MATERIAL PROVIDED:
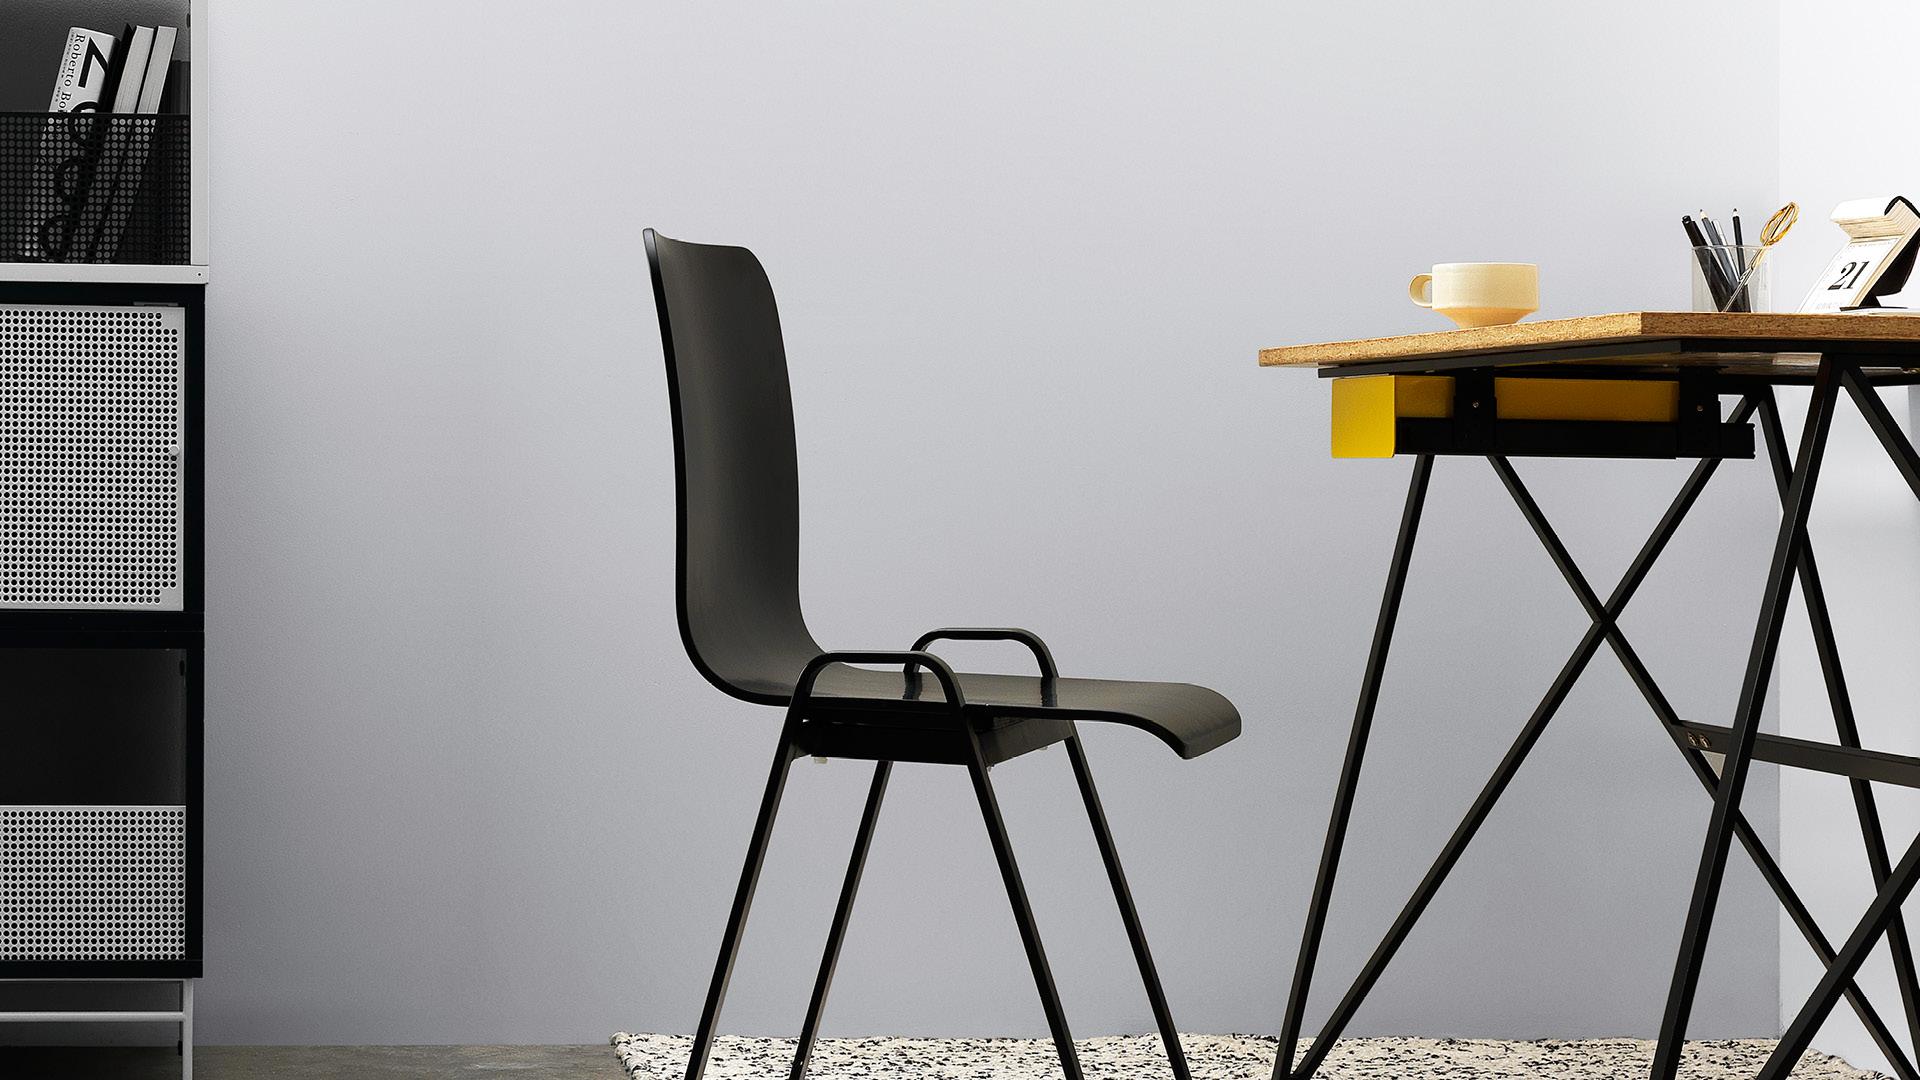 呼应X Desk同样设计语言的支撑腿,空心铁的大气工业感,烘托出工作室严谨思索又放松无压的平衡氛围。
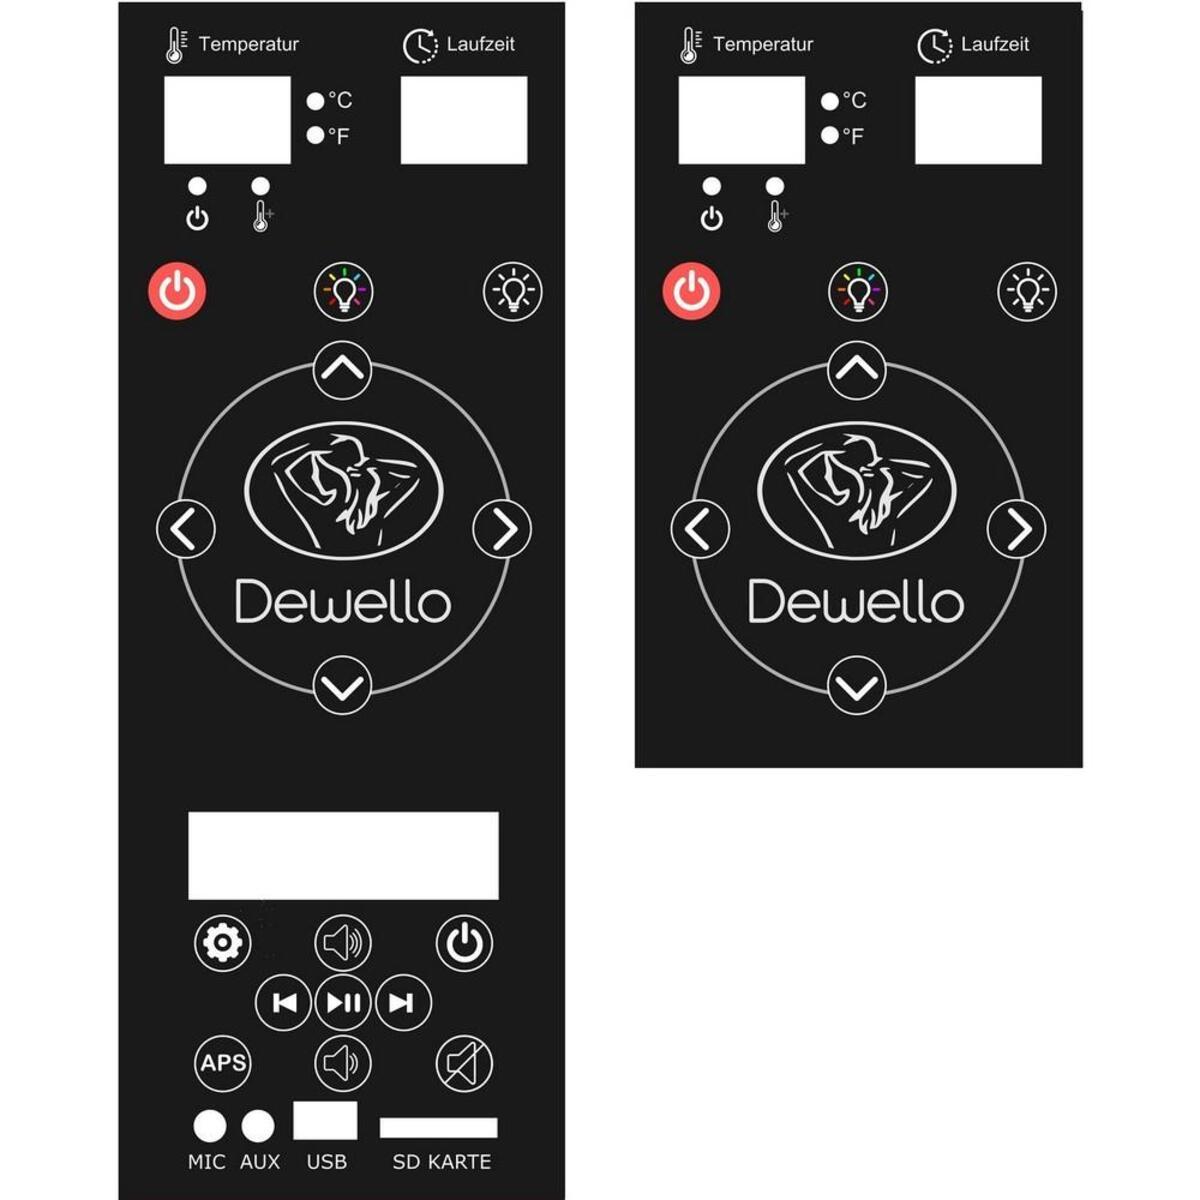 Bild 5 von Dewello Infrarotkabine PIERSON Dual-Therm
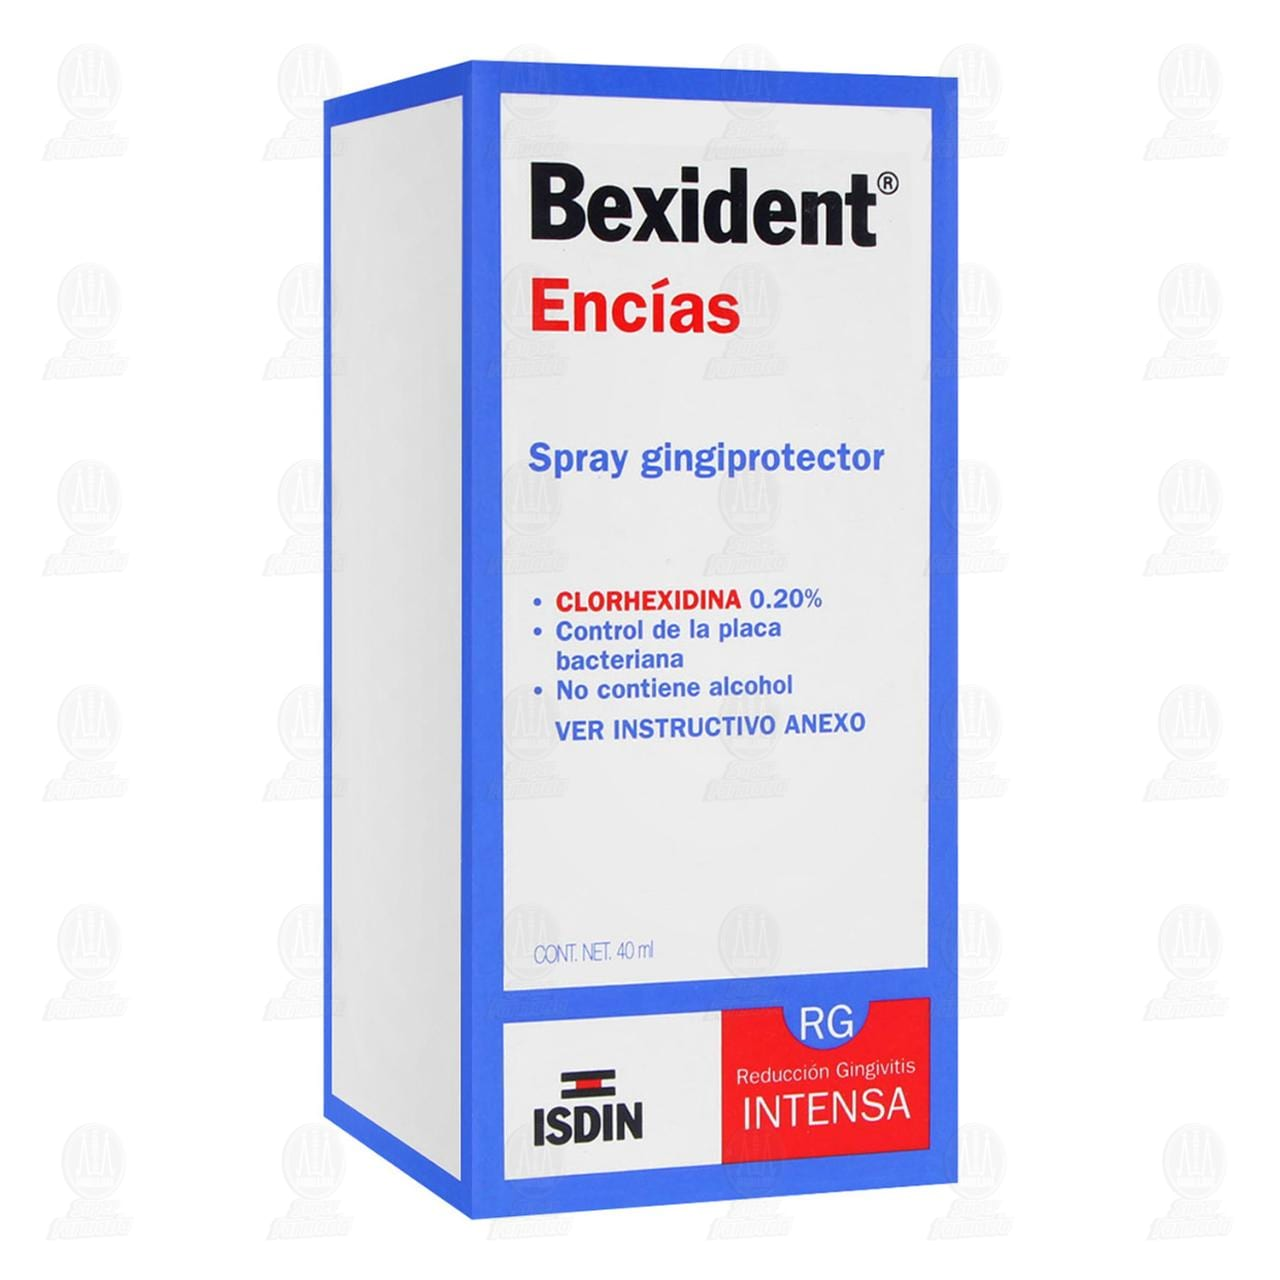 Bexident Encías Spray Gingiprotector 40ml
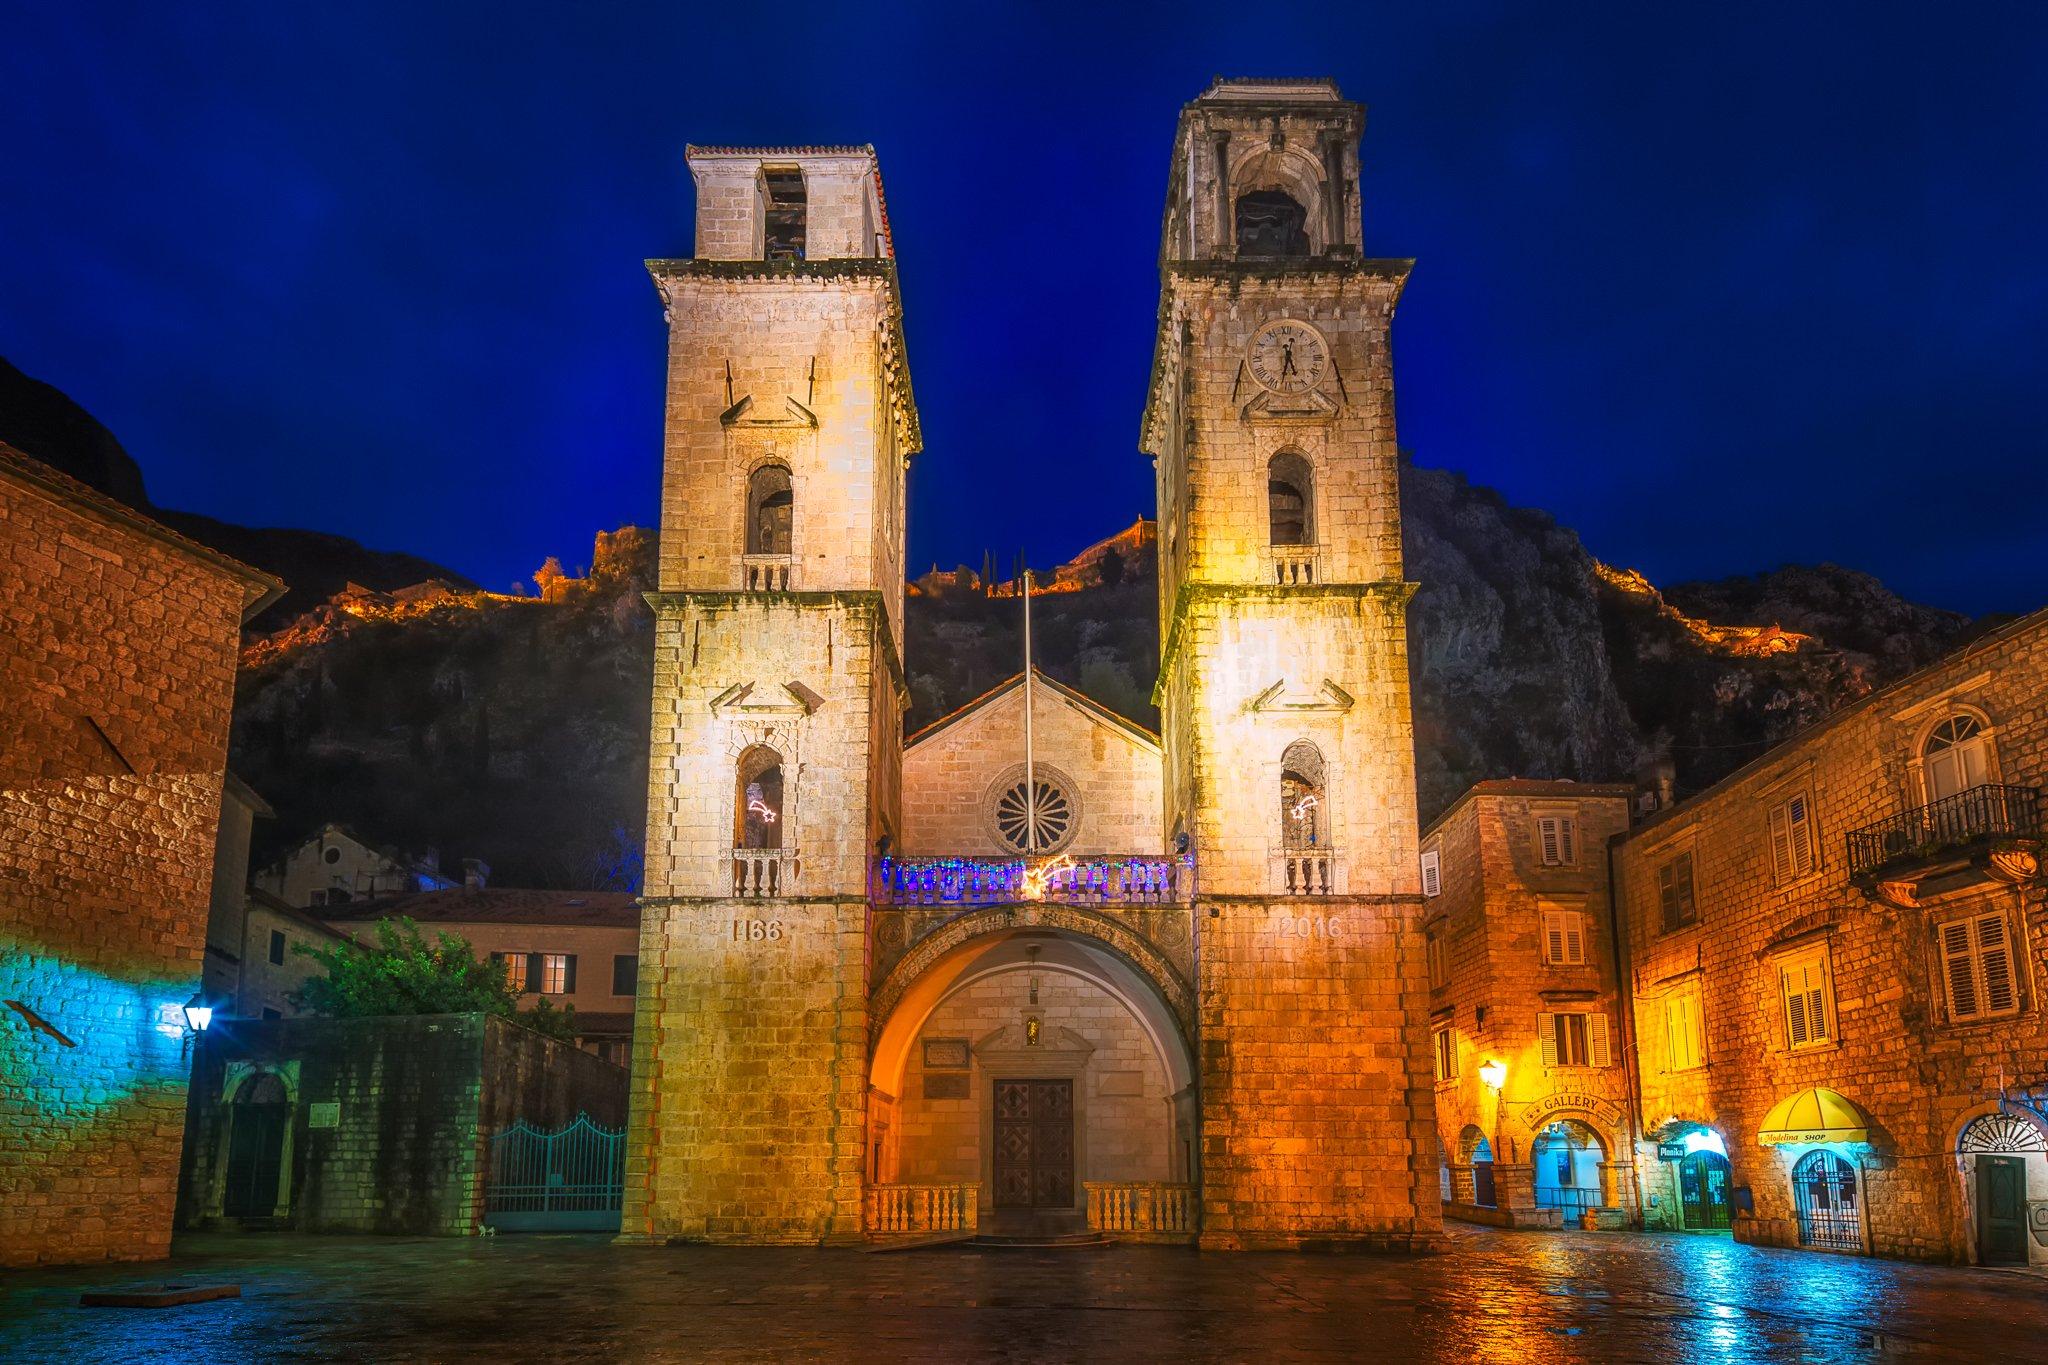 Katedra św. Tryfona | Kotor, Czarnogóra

TASK INSTRUCTIONS: All of the listing above has to be reproduced exactly, though without its images.

SOLUTION TO THIS PROBLEM:
 呼应X Desk同样设计语言的支撑腿,空心铁的大气工业感,烘托出工作室严谨思索又放松无压的平衡氛围。
 Bild 5 von Dewello Infrarotkabine PIERSON Dual-Therm
 Bexident Encías Spray Gingiprotector 40ml
 Katedra św. Tryfona | Kotor, Czarnogóra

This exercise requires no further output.